E3S Web Conf.
Volume 306, 2021The First International Conference on Assessment and Development of Agricultural Innovation (1st ICADAI 2021)
|Number of page(s)||7|
|Section||Agricultural Social Economics and Policy|
|Published online||24 September 2021|
Partnership schemes in implementing mandatory garlic planting rules for importers: the case in East Lombok, Magelang, and Temanggung
1 School of Agriculture and Food Science, The University of Queensland, 4343, Queensland, Australia
2 Indonesian Center for Horticulture Research and Development, 16111, Jawa Barat, Indonesia
2 Indonesian Citrus and Subtropical Fruits Research Institute, 65327, Jawa Timur, Indonesia
* Corresponding author: firstname.lastname@example.org
National statistical data shows that almost all of Indonesia’s garlic needs are imported from other countries.

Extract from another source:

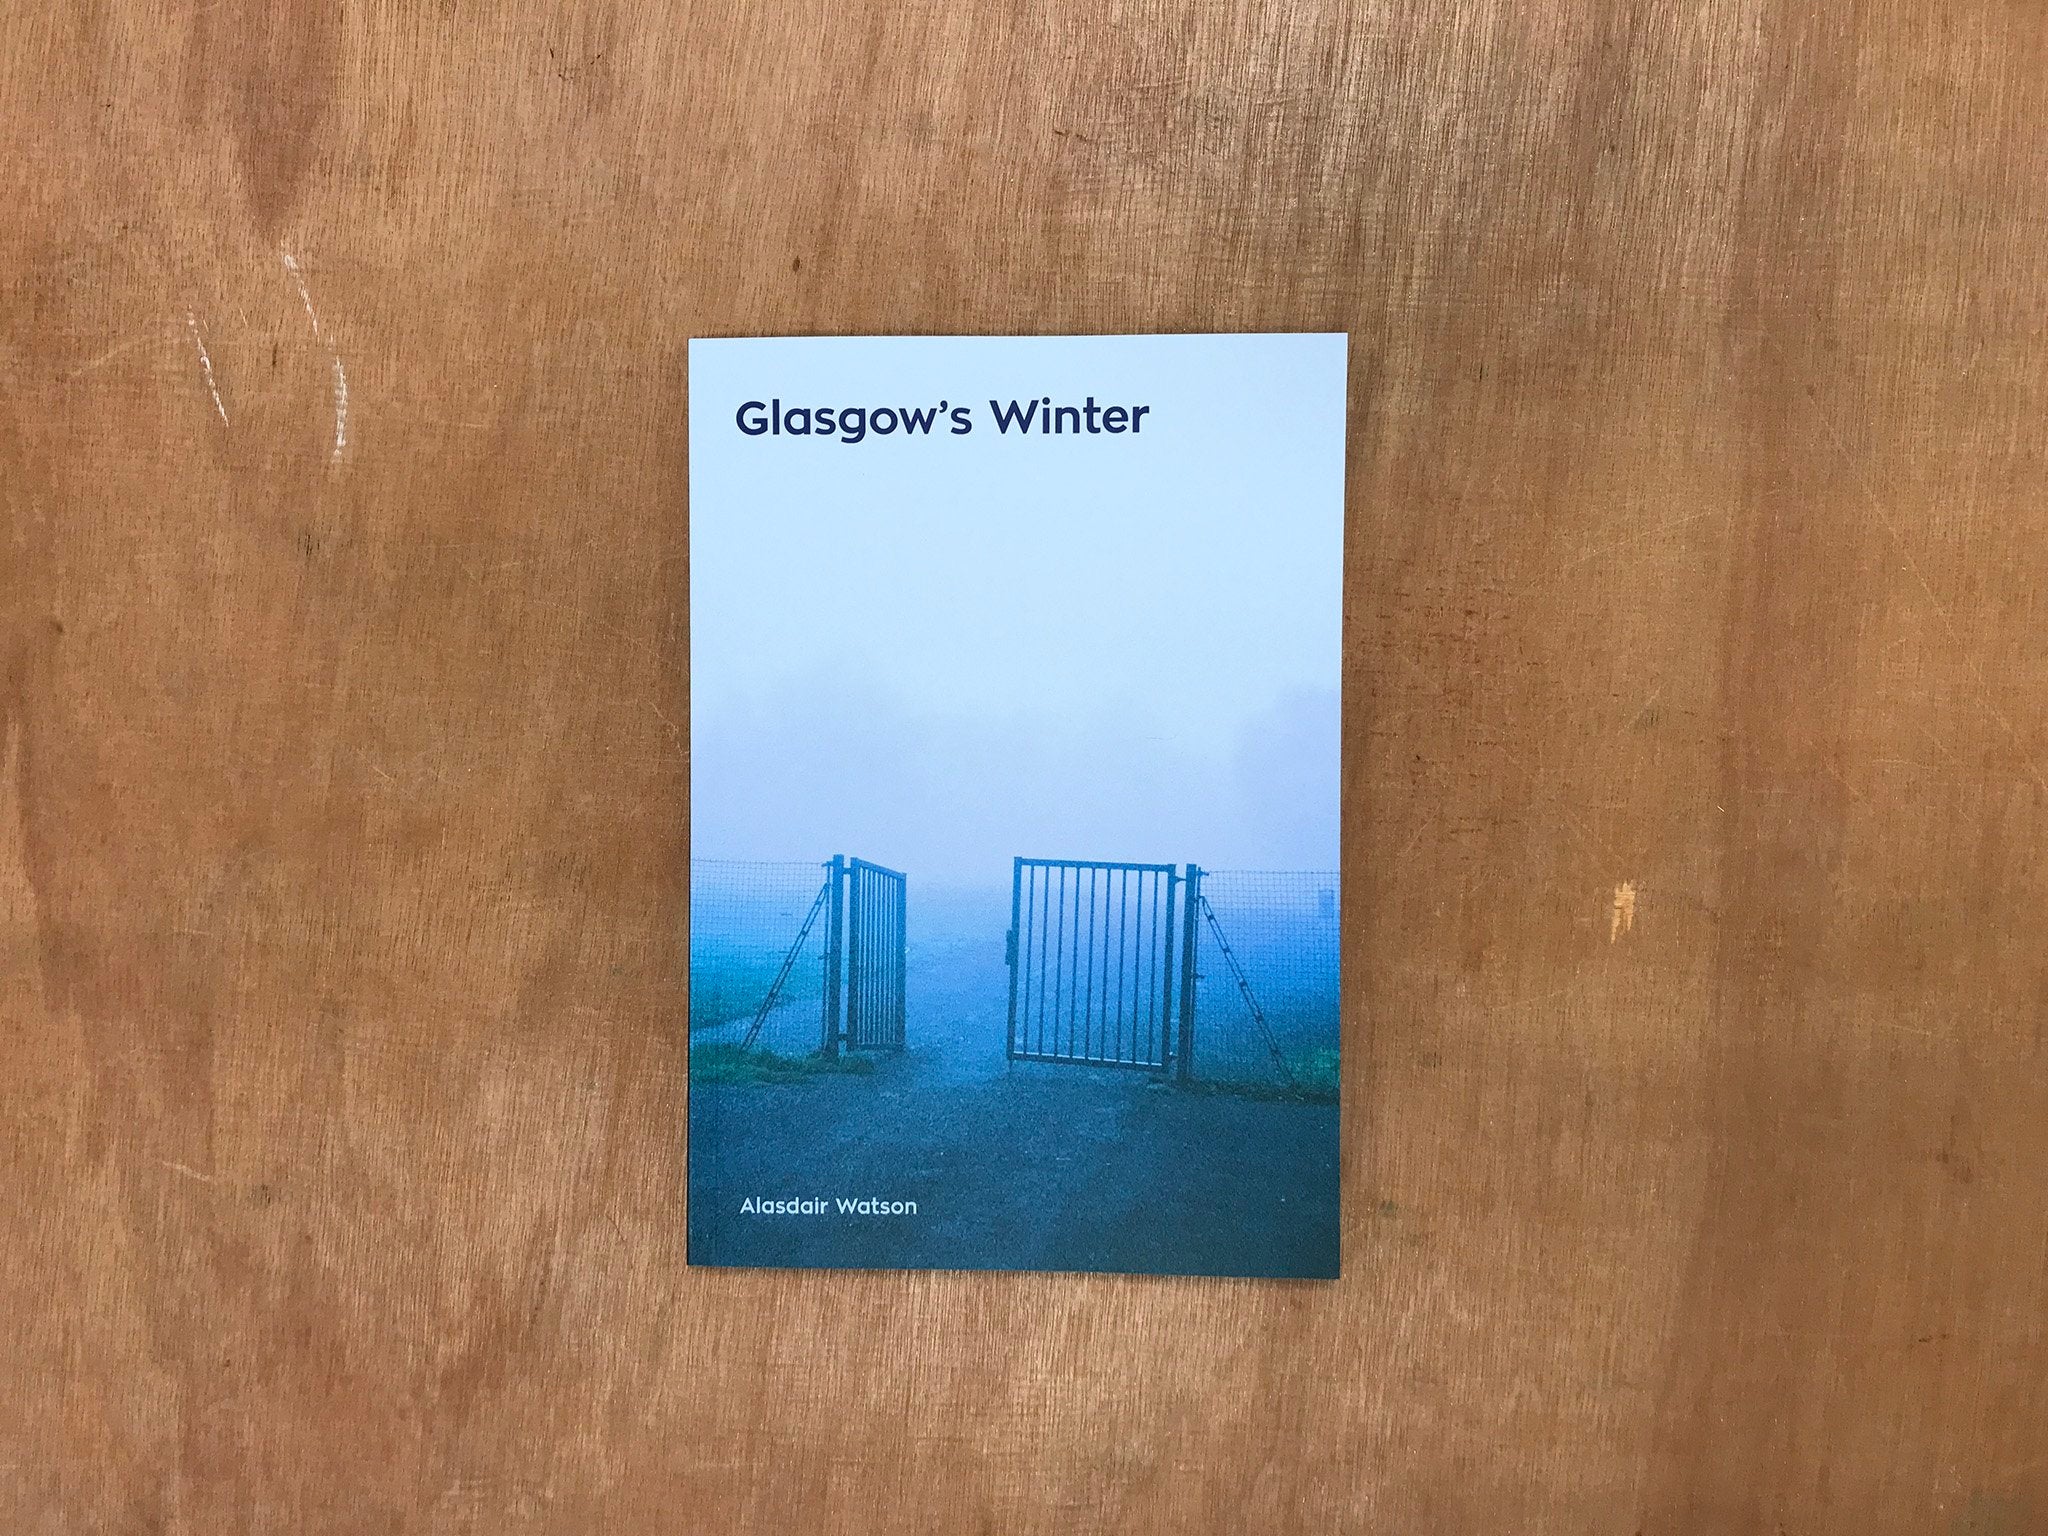 GLASGOW'S WINTER by Alasdair Watson

Local production is only less than 10% of the total national demand for garlic. The Indonesian government is currently working to increase national garlic production in order to reduce imports dependency. One of the efforts taken is to increase the planting area through mandatory planting regulations for garlic importers. Every importer is required to grow garlic in Indonesia, which, if converted, is equivalent to five per cent of the total imported garlic. Importers are given freedom regarding the planting mechanism, whether to plant by themselves or through the partnership scheme with farmers. Particularly for the partnership scheme with farmers, it is necessary to study a partnership scheme that is mutually beneficial for both parties. A study was conducted in 2018 as part of a horticultural development policy analysis research to examine the effectiveness of cooperation in implementing mandatory garlic planting regulations for importers. This research was conducted in three locations, East Lombok, Magelang, and Temanggung. This study found that each of the three locations has different cooperation schemes. Farmers are interested in forming partnerships with importers for several reasons: certainty of obtaining seeds and operational costs, and other reasons such as marketing certainty and the opportunity to get cultivation technology assistance.